### Exercise brief
Please return the data word for word and leave out any picture it contains.

*** Opening of Data ***

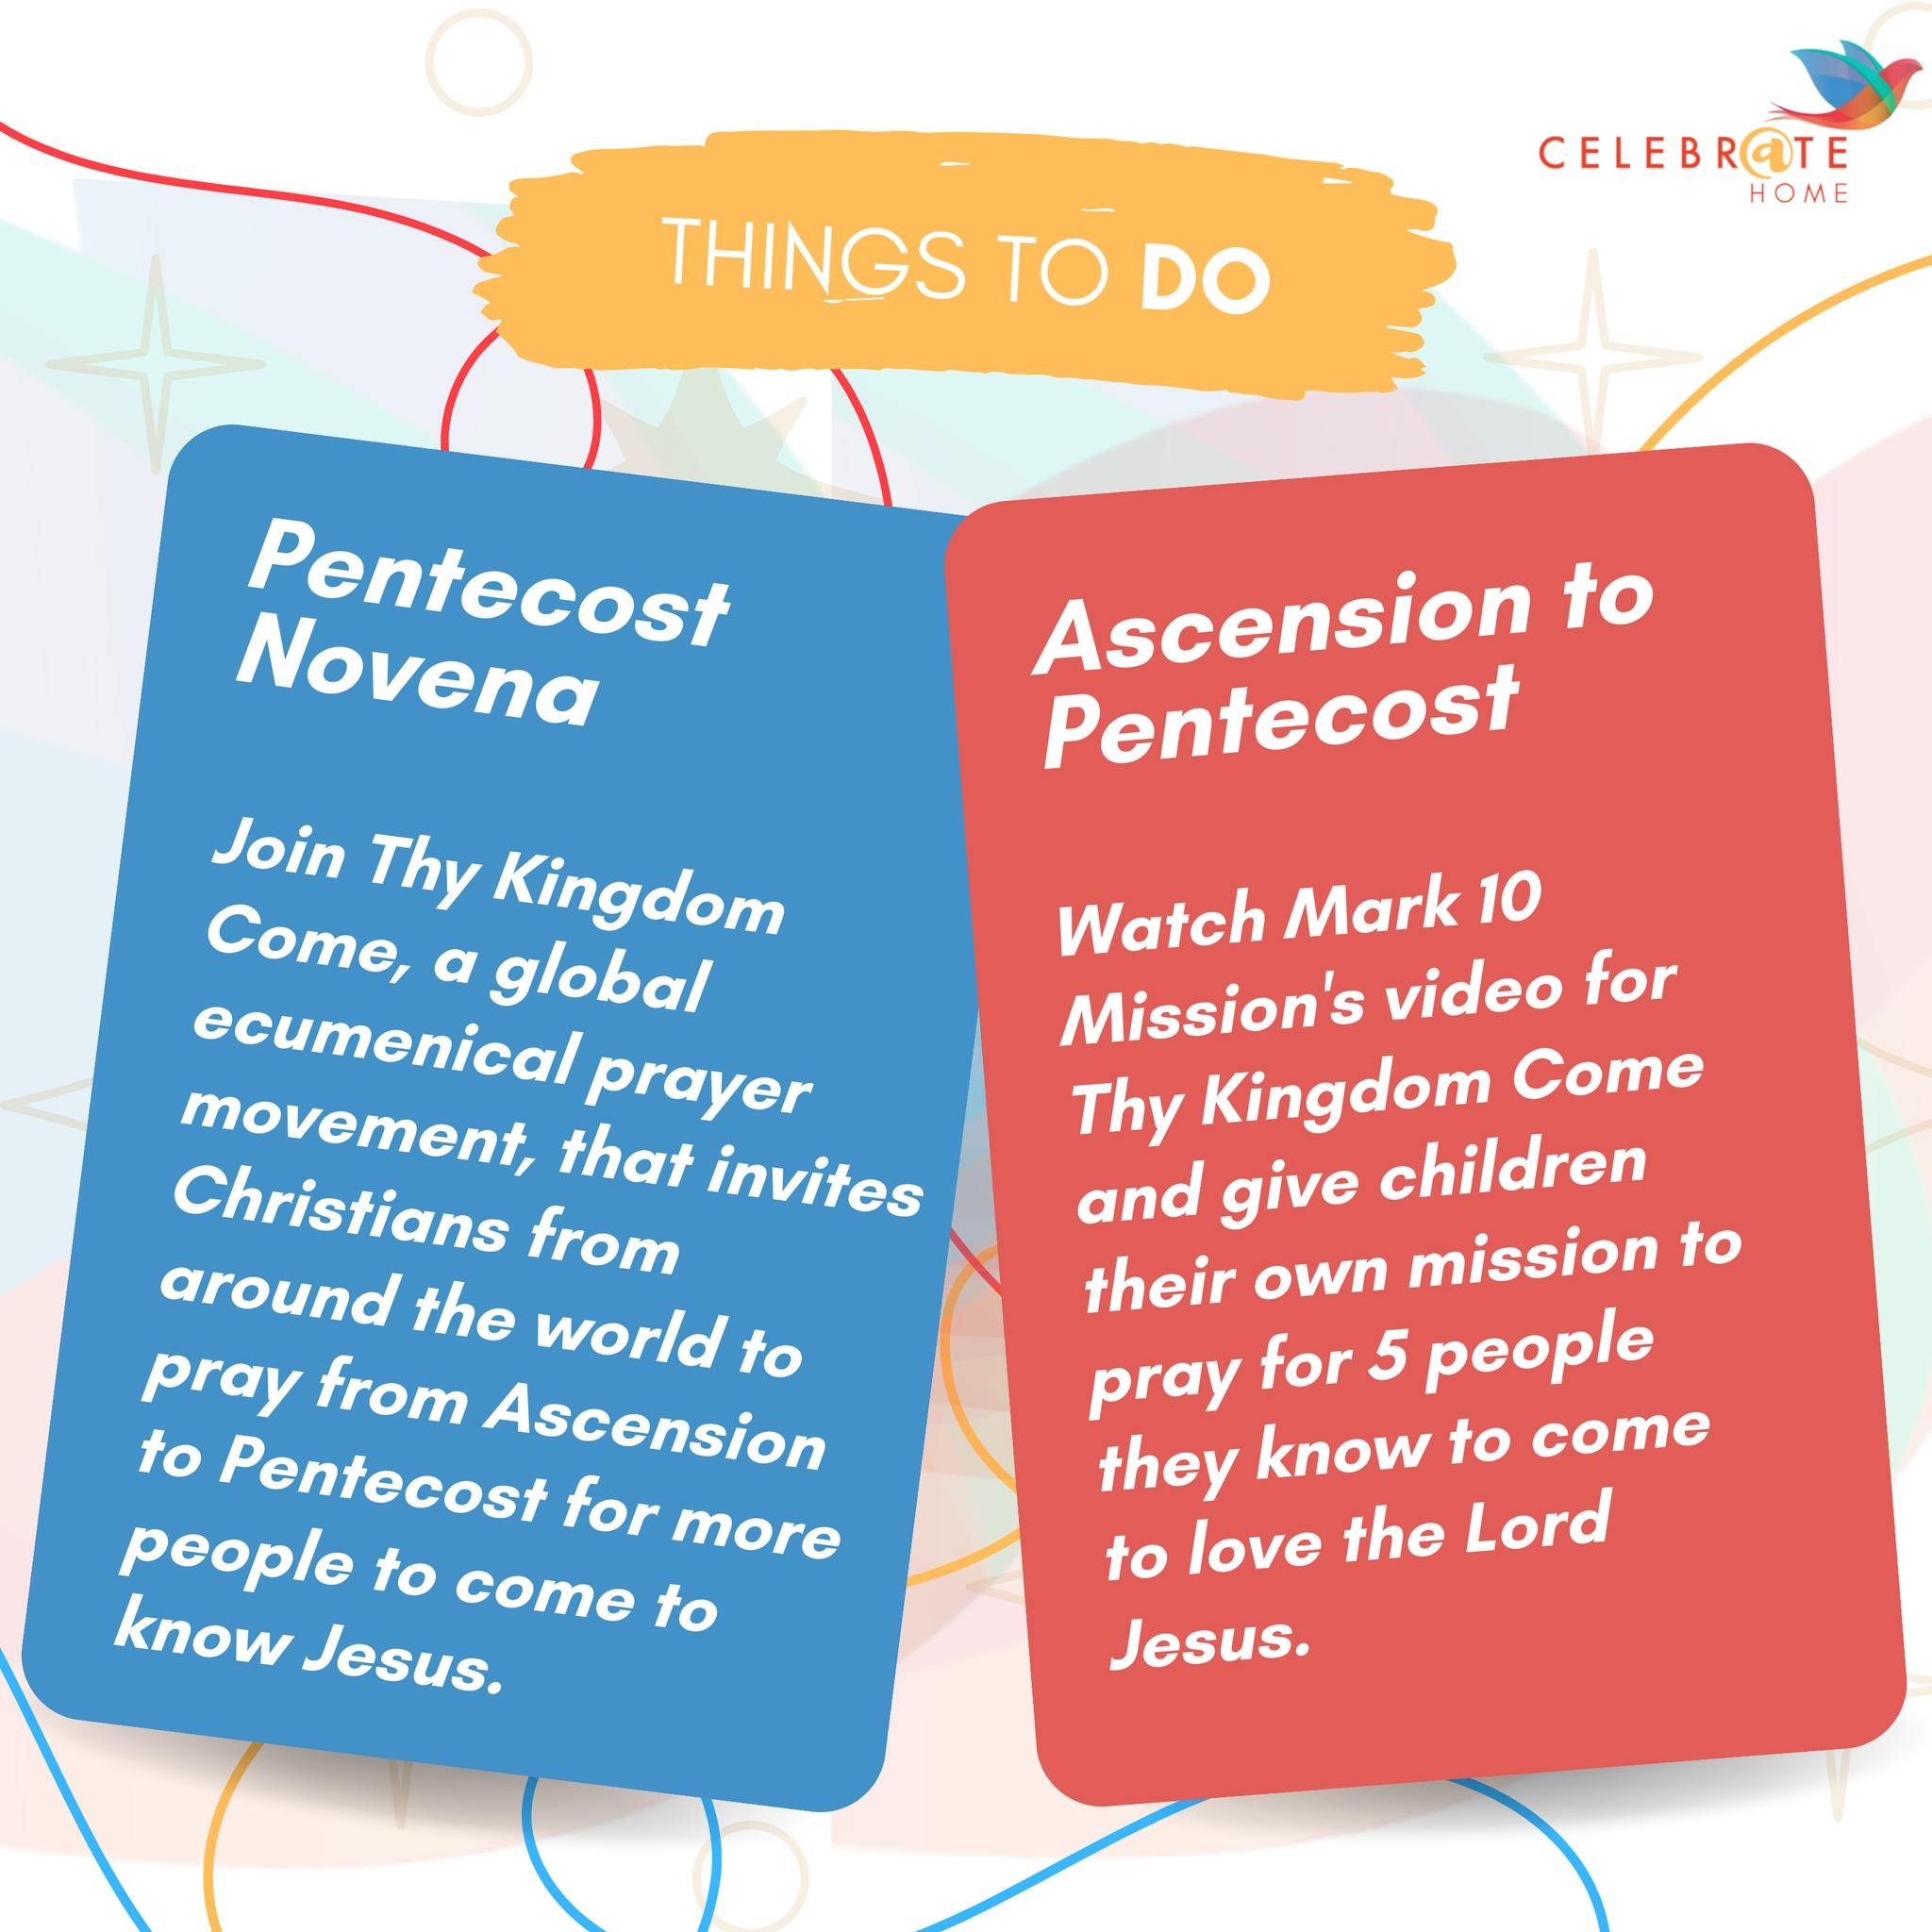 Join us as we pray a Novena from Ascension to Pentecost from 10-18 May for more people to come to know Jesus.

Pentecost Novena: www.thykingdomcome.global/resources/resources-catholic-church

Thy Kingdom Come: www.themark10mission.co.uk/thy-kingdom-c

*** Close of Data ***

### Task result
 Join us as we pray a Novena from Ascension to Pentecost from 10-18 May for more people to come to know Jesus.

Pentecost Novena: www.thykingdomcome.global/resources/resources-catholic-church

Thy Kingdom Come: www.themark10mission.co.uk/thy-kingdom-c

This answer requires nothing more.